Из записной книжки В. Мессинга:

«Мы с товарищем Кузнецовым давно перешли на откровенность. Он правильно сказал однажды: «А какой мне смысл что-то утаивать, когда мои мысли для вас — открытая книга?»

Я поспешил его успокоить, сказал, что давно уже научился «отключаться», чтобы не слышать чужих мыслей, и это было правдой. А иначе мне и впрямь хоть в глухой лес беги да избушку строй. Вот только не хочу я отшельником жить, мне с людьми интереснее как-то.

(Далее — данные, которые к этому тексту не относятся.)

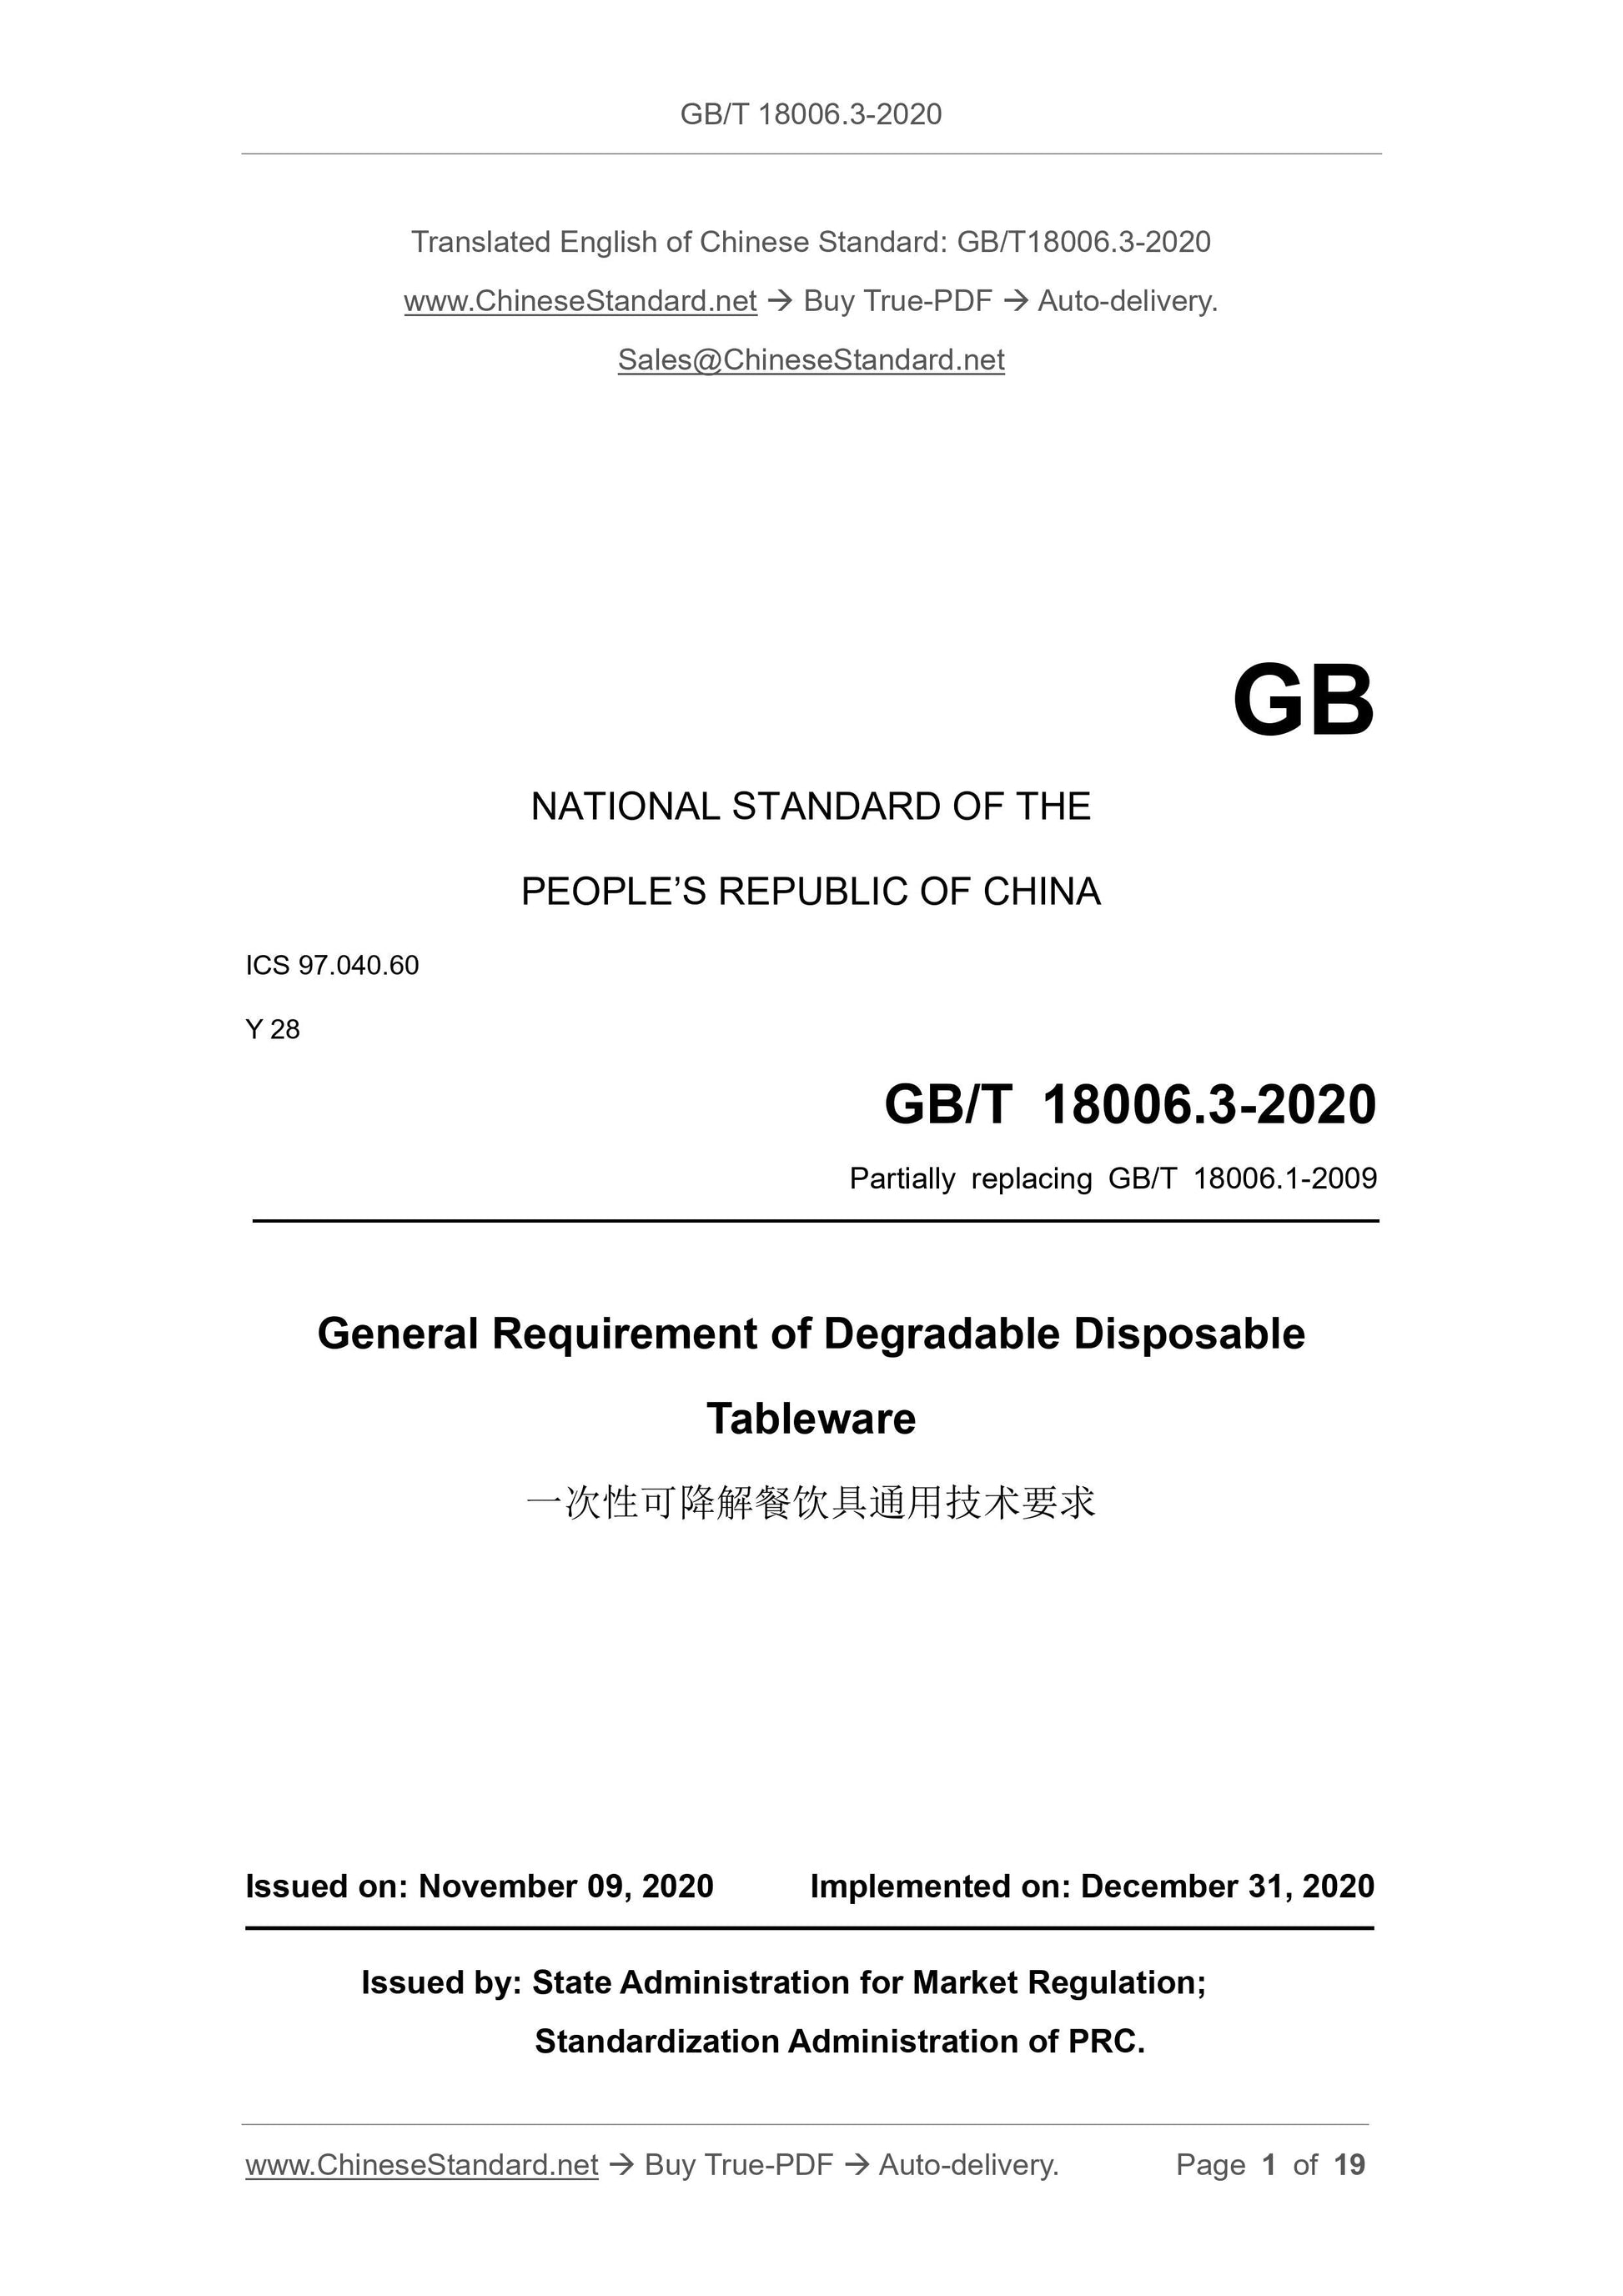 GB/T 18006.3-2020 Page 1

Тогда, после встречи с Берией, товарищ Кузнецов все пенял мне: и чего я, дескать, заартачился? Лаврентий Павлович-де предлагал вам блестящее будущее! Жили бы в Москве, стали бы сотрудником «органов»…

А я все вспоминал, как однажды к нашему соседу в Гуре, Пинхасу Блумштейну, ворвались люди в штатском и застрелили его. Пинхас ввязался в политику, а это дело не только грязное, но и опасное. Таким людям, как Пинхас или я, в политике не место.

Надо быть таким же суровым и безжалостным, как Берия, к примеру, чтобы вращаться в высших сферах и чувствовать себя, как волк в лесу.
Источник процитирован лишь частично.